▸ **Data extract**:

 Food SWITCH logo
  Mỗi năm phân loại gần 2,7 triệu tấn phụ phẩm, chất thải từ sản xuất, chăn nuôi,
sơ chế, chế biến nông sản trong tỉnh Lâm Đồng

* * *

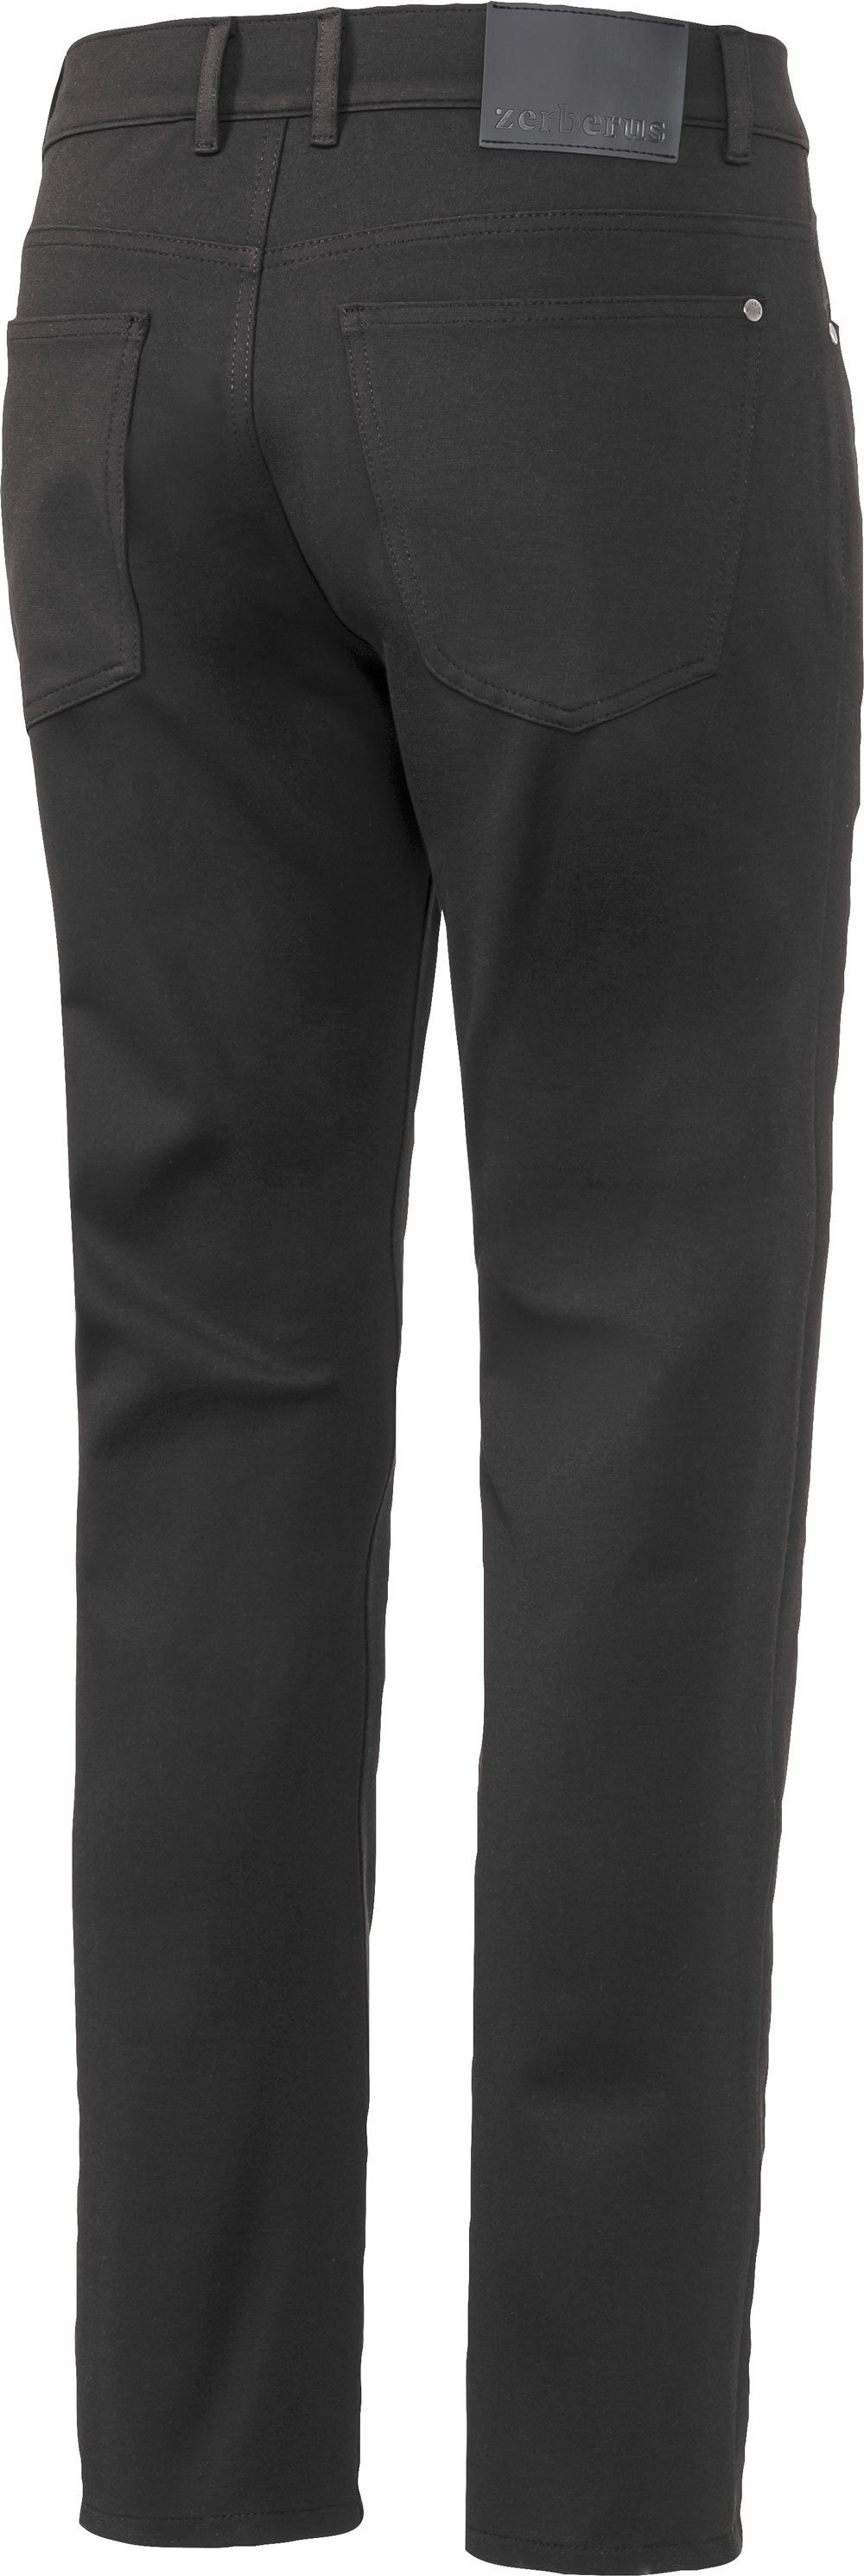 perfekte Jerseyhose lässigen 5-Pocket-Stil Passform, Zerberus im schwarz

▸ **About this exercise**:
All that belongs in the answer is the run of lines above from the line containing "Food SWITCH logo" through the line containing "sơ chế, chế biến nông sản trong tỉnh Lâm Đồng", exactly as written.

▸ **Response to this exercise**:
 Food SWITCH logo
  Mỗi năm phân loại gần 2,7 triệu tấn phụ phẩm, chất thải từ sản xuất, chăn nuôi,
sơ chế, chế biến nông sản trong tỉnh Lâm Đồng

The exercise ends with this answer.